← all lessons
System Design · Consistency & Replication ·

Change Data Capture: Streaming Every Write Without Touching Your Application Code

Core concept
When multiple systems need to react to changes in a database — a search index, a cache, an analytics pipeline — the naïve approach is to write to all of them in your application code. This creates tight coupling and silent inconsistency whenever one write succeeds and another fails. Change Data Capture (CDC) takes a different route: it reads the database's own internal changelog (the same append-only log the database uses for crash recovery) and turns every insert, update, and delete into an event stream that downstream consumers can subscribe to independently. Because the source of truth is the database log itself — not your application — you can add new consumers without changing a single line of business logic.

Diagram

flowchart LR
    A[App] -->|writes| B[Primary DB]
    B -->|replication log| C[CDC Reader]
    C -->|event stream| D[Search Index]
    C -->|event stream| E[Cache Invalidator]
    C -->|event stream| F[Analytics Pipeline]

Concrete real-world example
Imagine an e-commerce platform where a product's price changes in the primary PostgreSQL (a popular open-source relational database) table. Without CDC, the application must also update Elasticsearch (a distributed full-text search engine) and invalidate a Redis (an in-memory key-value store) cache in the same request. If Elasticsearch is temporarily down, the price stays stale in search results indefinitely. With CDC — using a tool like Debezium (an open-source CDC connector that reads database logs) — the price change is captured from PostgreSQL's WAL (write-ahead log: append-only record of every DB change) and published to a Kafka (a distributed, high-throughput event streaming platform) topic. Elasticsearch and Redis each consume that topic at their own pace, and if either is down it simply replays from where it left off when it recovers.

One trade-off / gotcha
CDC gives you at-least-once delivery (each event arrives one or more times, never zero), not exactly-once. If your consumer crashes mid-processing, it will re-read and re-apply the same event on restart. Consumers must therefore be idempotent (safe to apply the same operation multiple times without changing the outcome beyond the first application) — updating a row to price = 49.99 twice is fine; incrementing a counter twice is not.

An interview-style question to ponder
Your team wants to populate a brand-new search index from an existing database that already has 50 million rows, then keep it in sync going forward using CDC. What ordering problem do you have to solve, and how would you approach it?

Stuck? Show a hint

Think about what happens in time between the moment you start the bulk snapshot and the moment CDC begins delivering live events — there's a gap where both are running simultaneously.

Show answer

You need to ensure the snapshot and the CDC stream stitch together without gaps or duplicates, which means capturing a log position before the snapshot starts.
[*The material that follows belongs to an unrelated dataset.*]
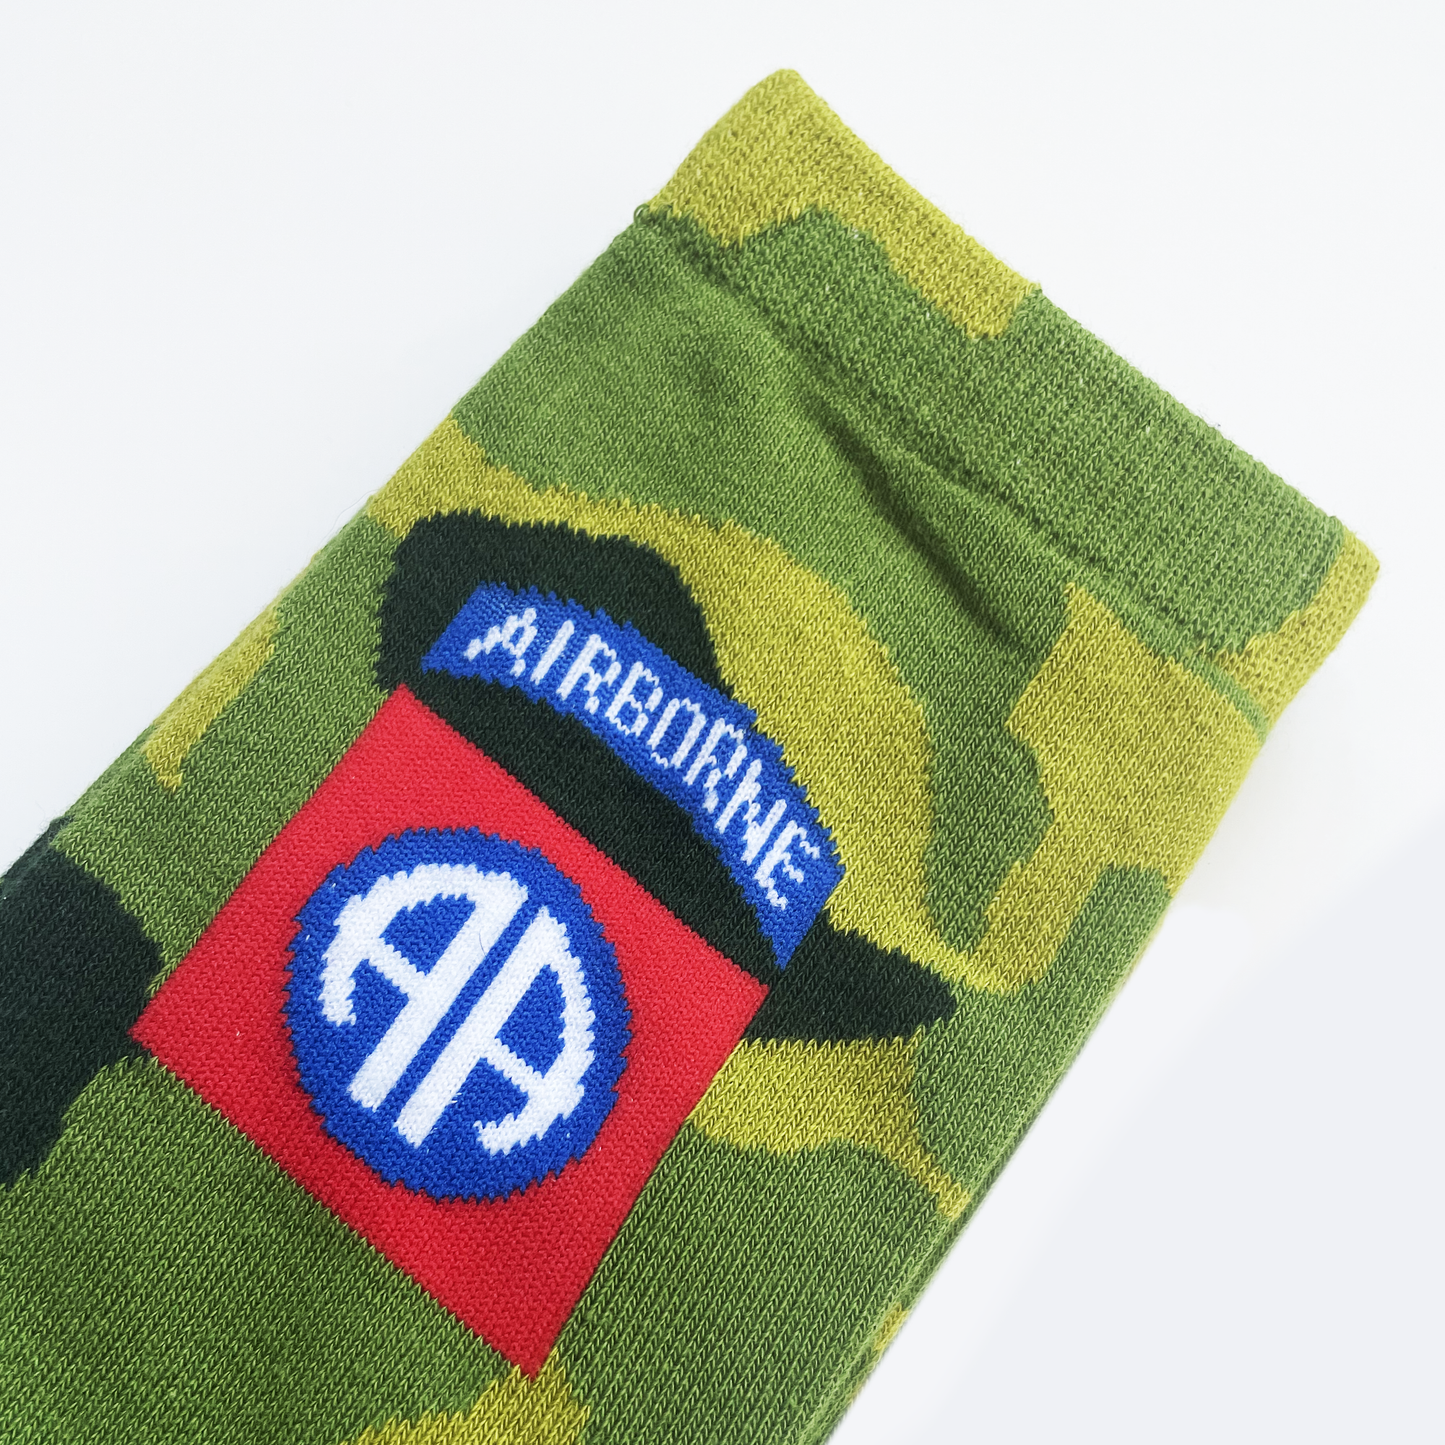 82nd Airborne Canopy socks

  • The core problem is a race: if you snapshot first and then start CDC, any writes that happened during the snapshot are already baked into the database pages you copied but also appear as CDC events. If you start CDC after the snapshot finishes, you miss writes that happened during the copy entirely.
  • The solution is to record the exact log sequence number (LSN — a monotonically increasing pointer into the database's changelog) at the moment the snapshot begins, then start consuming CDC events from that exact LSN once the bulk load completes. Events whose changes are already reflected in the snapshot data are applied again (idempotently), and no events are skipped.
  • Concretely: begin a consistent read transaction in PostgreSQL, note its LSN (e.g., 0/16B3748), stream all 50 million rows into Elasticsearch, commit, then tell your CDC consumer "start from LSN 0/16B3748." You'll re-apply a few thousand updates redundantly, but nothing is lost.
  • But why not just truncate and re-snapshot periodically instead of running CDC at all? For 50 million rows, a full re-index takes hours and puts heavy read load on the primary database, meaning your search index is always hours stale; CDC keeps lag in the low seconds at a fraction of the I/O cost.
  • Watch out: if your database log is not retained long enough (PostgreSQL's wal_keep_size setting controls this), the LSN you need may be garbage-collected before your bulk load finishes — always size log retention to exceed your worst-case snapshot duration.